Most of Beecroft's compositions have been commissioned by organizations and individuals (see list), and many combine electronically produced or altered sounds together with live instruments. She regards her particular use of electronic music as an extension of vocal and/or instrumental sounds rather than a contrast of timbres. From Dreams of Brass (1963-4) is the first example of this technique, and her large scale work, the ballet Hedda (1982), is a later illustration. Her musical aesthetic was first influenced by the music of Debussy, then later by her teachers- Weinzweig, Petrassi and Maderna, and during her European years, she was impressed by the work of Karlheinz Stockhausen, one of the first composers to combine electronic music with live instruments.

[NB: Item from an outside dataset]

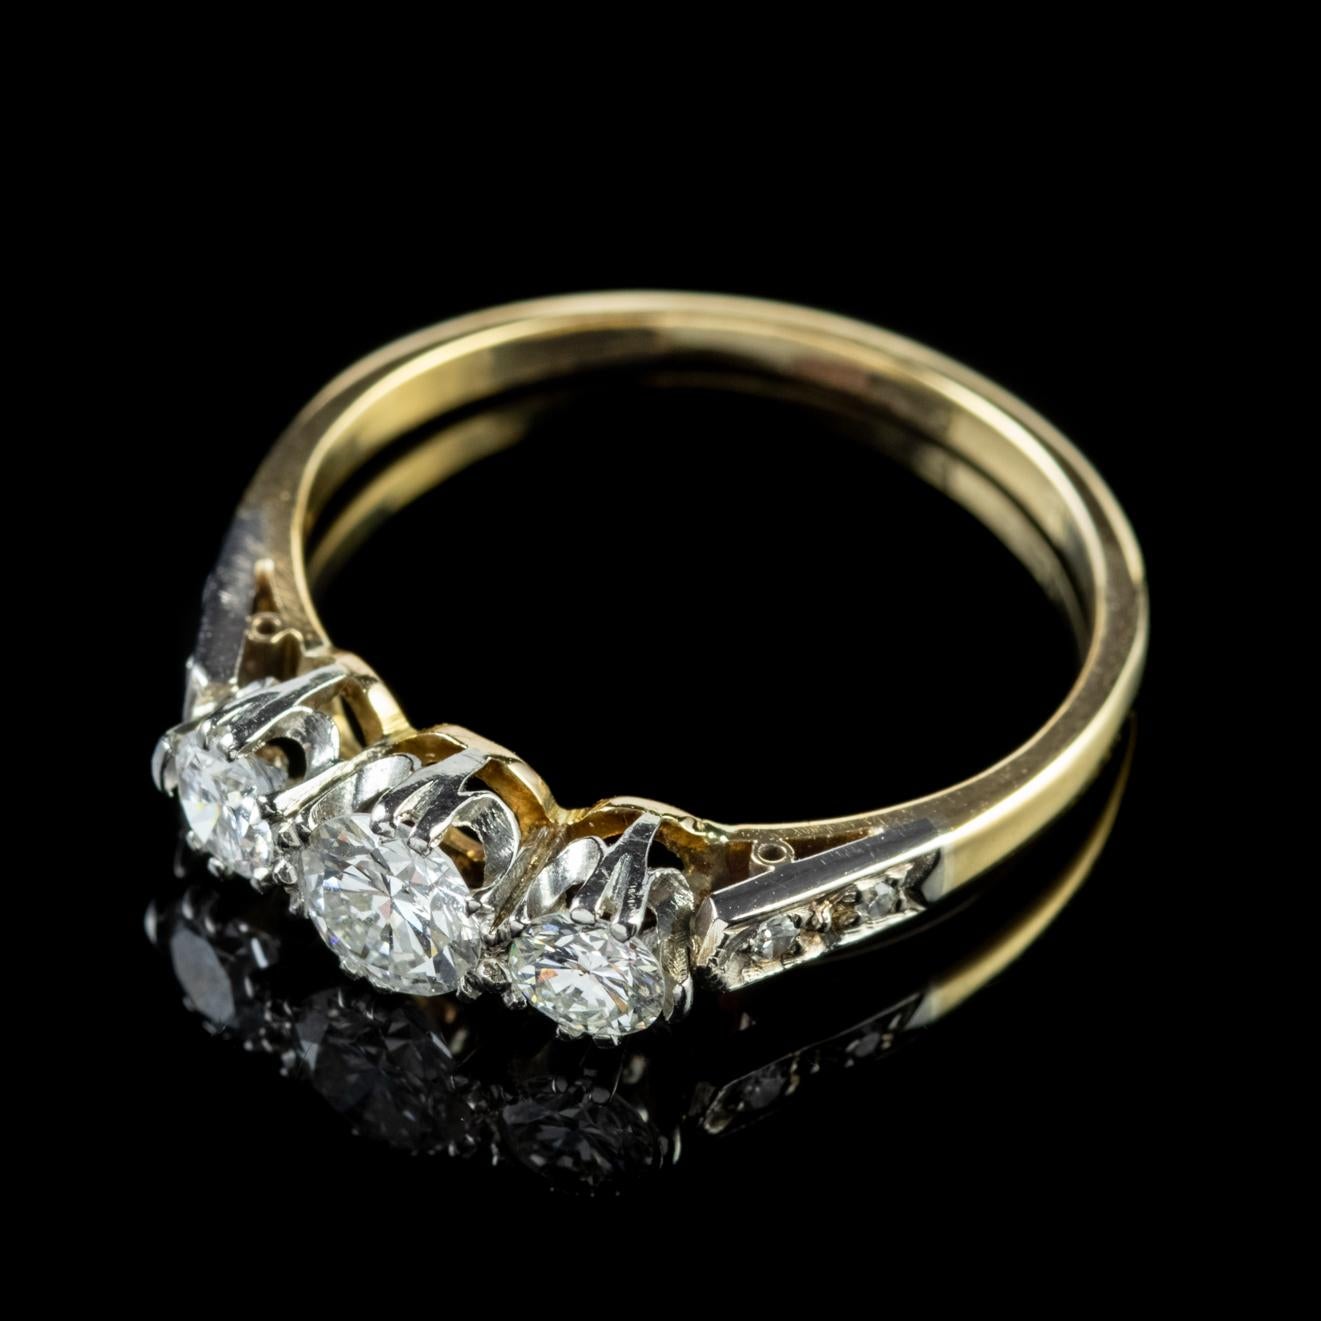 Antique Edwardian Trilogy Diamond Ring Platinum 18 Carat Gold, circa 1910 1
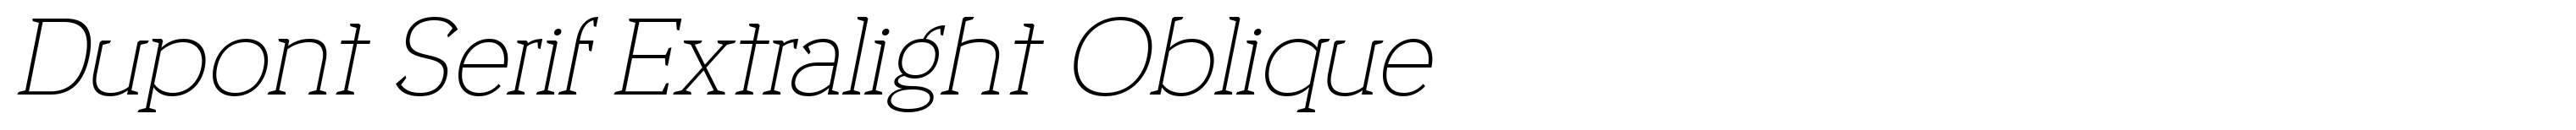 Dupont Serif Extralight Oblique

Beecroft has long been active in the promotion of Canadian and contemporary music in addition to her broadcasting and composing career. She was President in 1956-7 of Canadian Music Associates (the Toronto concert committee of the Canadian League of Composers), and in 1965-8 President of Ten Centuries Concerts. In 1971, she co-founded (with Robert Aitken) New Music Concerts, and was its President and General Manager until 1989. For her service to Canadian music, in 1996 she was awarded a Doctor of Letters, honoris causa, from York University, Toronto.

Norma Beecroft is a member of the Canadian League of Composers and an associate of the Canadian Music Centre. In 2002, she was awarded an Honorary Membership in the Canadian Electro-acoustic Community.